By the 2010s, amid rising global tensions and tech restrictions by some economies, Shenzhen doubled down on resilience, strengthening the rule of law, fostering an open business environment, and promoting homegrown innovation. Innovation wasn't just about patents; it was about survival.
Consider this number. In 2024, Shenzhen produced nearly 2.94 million EVs — more than any other Chinese city. Not bad for a place that didn't make cars at all in the past.
The secret? Timing and trust in the market.
More than a decade ago, Shenzhen embraced the green transition early, backing pioneering EV companies such as BYD and Wuzhoulong. It electrified public transport fleets — buses, taxis — before electrification became fashionable. And it built entire industrial bases around EVs, not by picking winners, but by letting market signals drive scale.
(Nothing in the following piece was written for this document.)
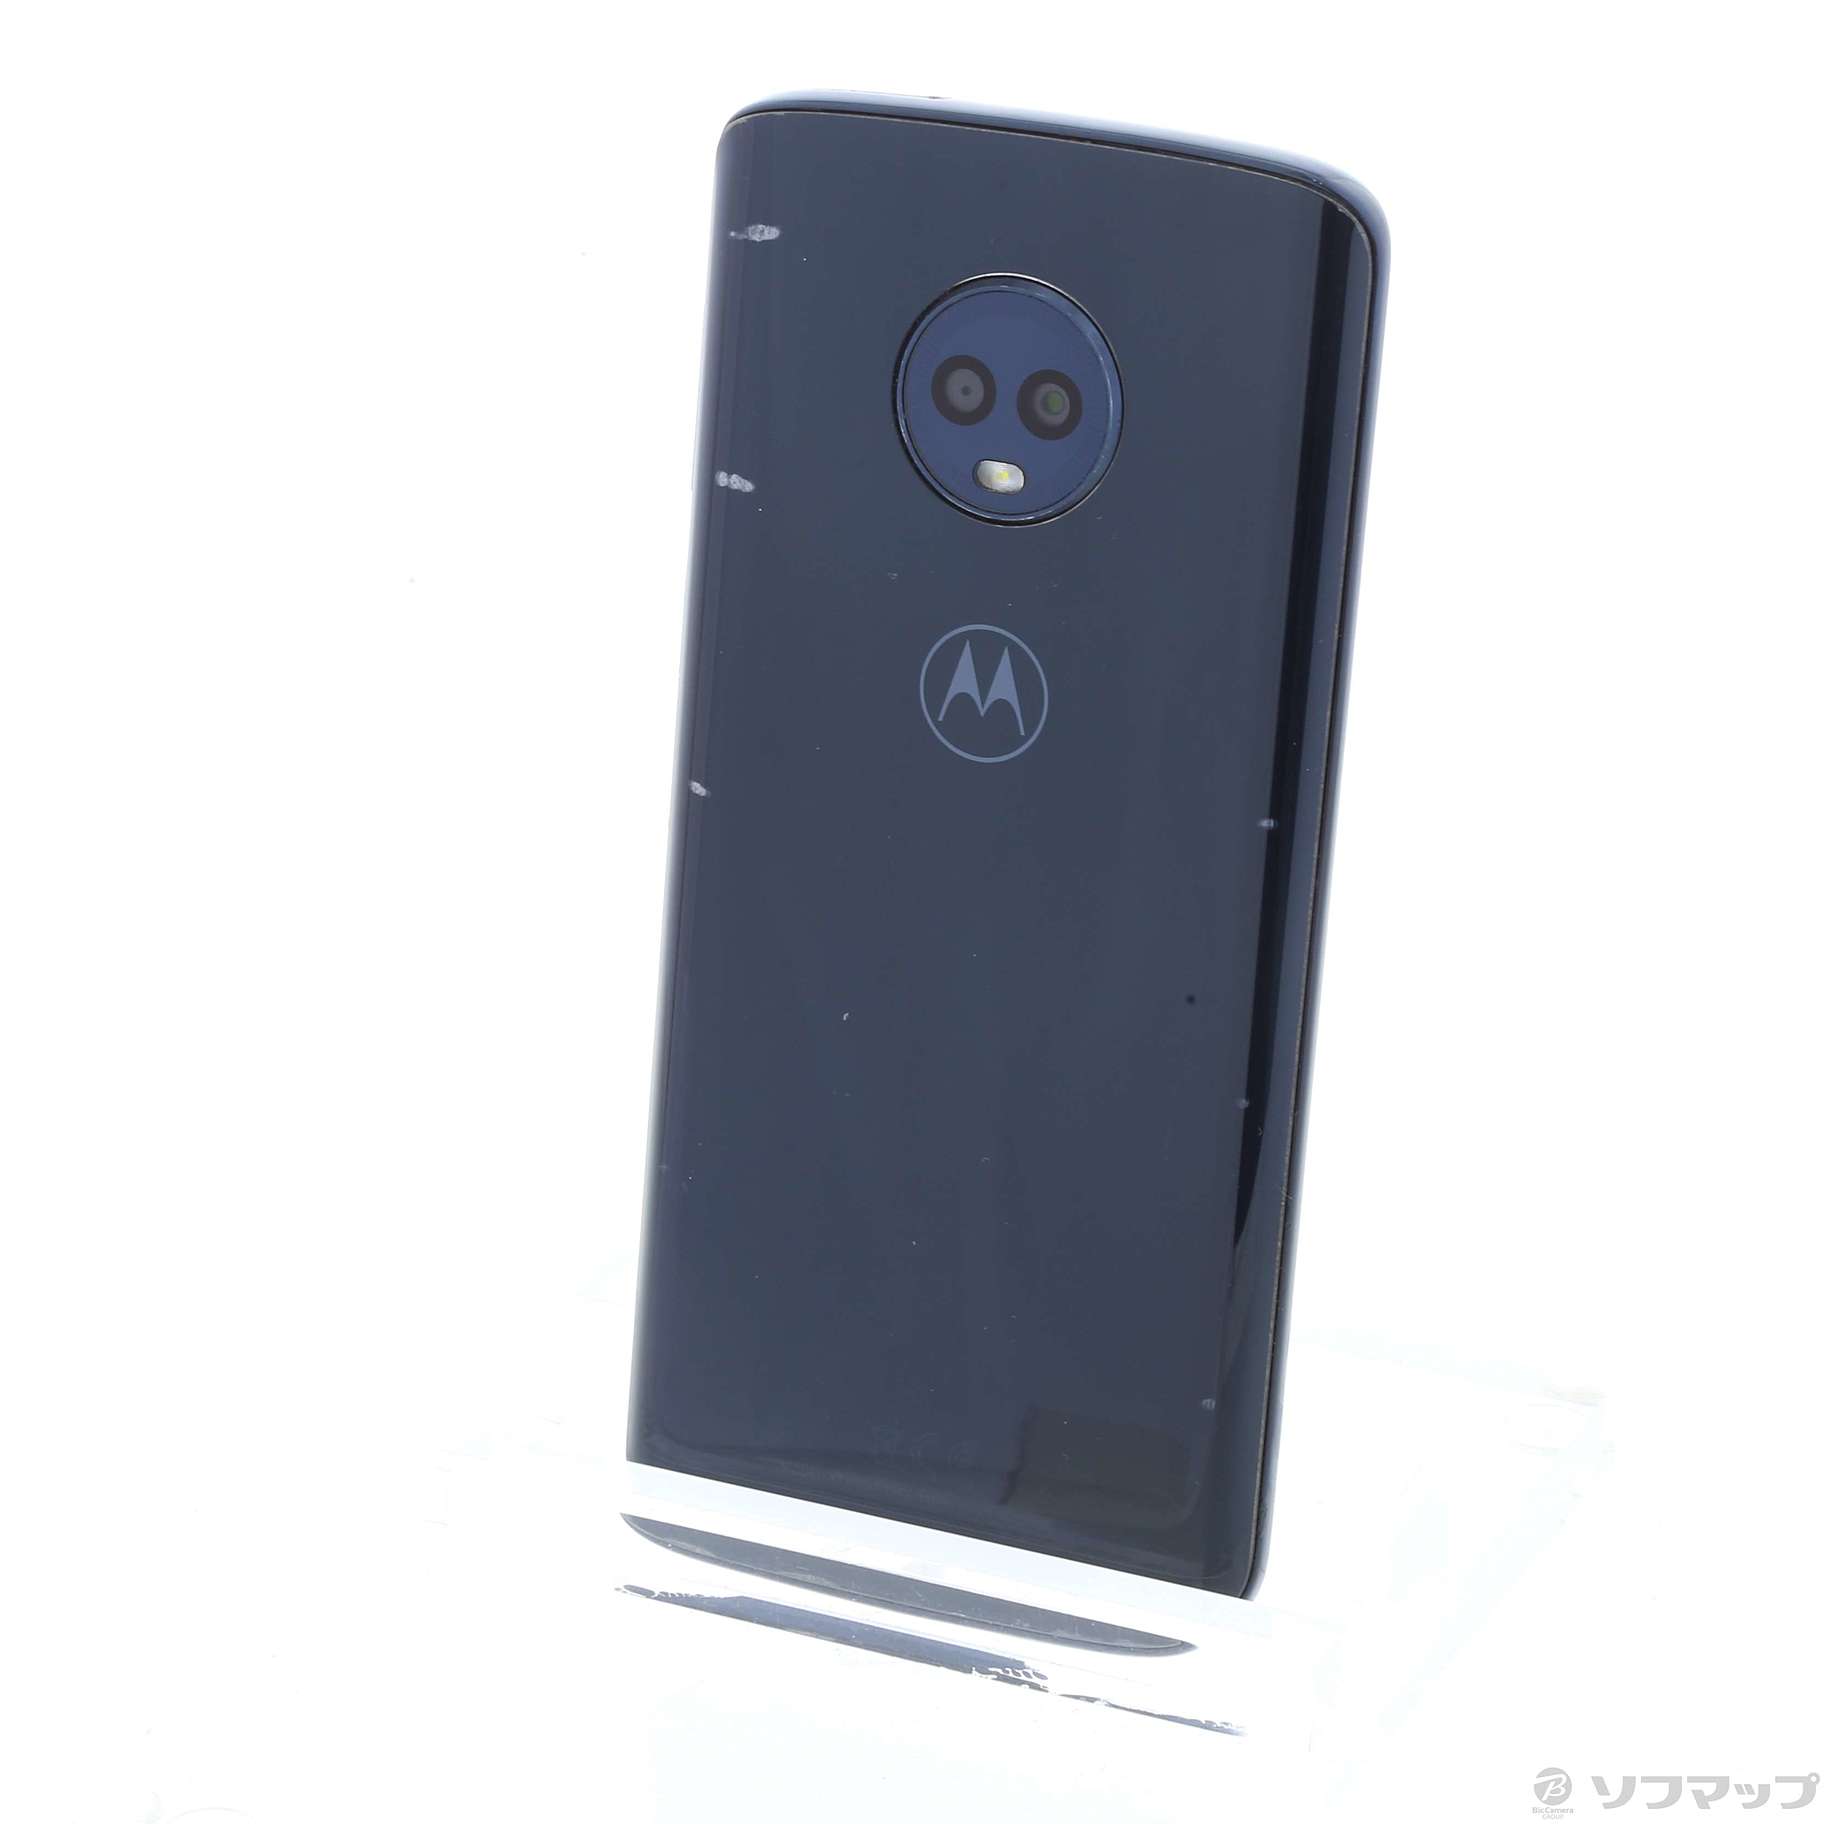 【新品未開封】Motorola moto g6 simフリー Android8

By 2017, Shenzhen had become the world's first city to fully electrify its bus system. In 2024, EVs made up 76.9 percent of all new vehicle sales in the city. Shenzhen didn't just catch the EV wave — it helped create it.
There's another factor that rarely makes headlines but matters immensely: public participation.
Shenzhen's rise has never been free of criticism. From debates on whether the SEZ has lost its uniqueness to fears it is being left behind, the city has regularly engaged in introspection — including spirited public discussions involving senior officials. But these debates didn't paralyze action; instead, they sharpened it. Shenzhen has embraced feedback as fuel, not friction.
Each wave of public discourse ushered in a new wave of reform. The city's willingness to self-correct and welcome dissent may be the most replicable part of all.
So can the Shenzhen model be replicated?
Shenzhen's success is often seen as exceptional. In many ways, it is. But the underlying principles are surprisingly universal.
Start with what you have, however modest. Let the market do what it does best. Intervene strategically — when necessary — not to replace the market but to strengthen it. Promote innovation, protect competition and, above all, have faith in the initiative of the people.
These are not uniquely Chinese principles but common development lessons. For other developing countries seeking to industrialize in the 21st century, Shenzhen offers not just a model — but a mindset.
It's not about 3D-printing a tree. It's about planting your own seed, and letting it grow.
The author is vice-president of China Development Institute (Shenzhen).
The views don't necessarily represent those of China Daily.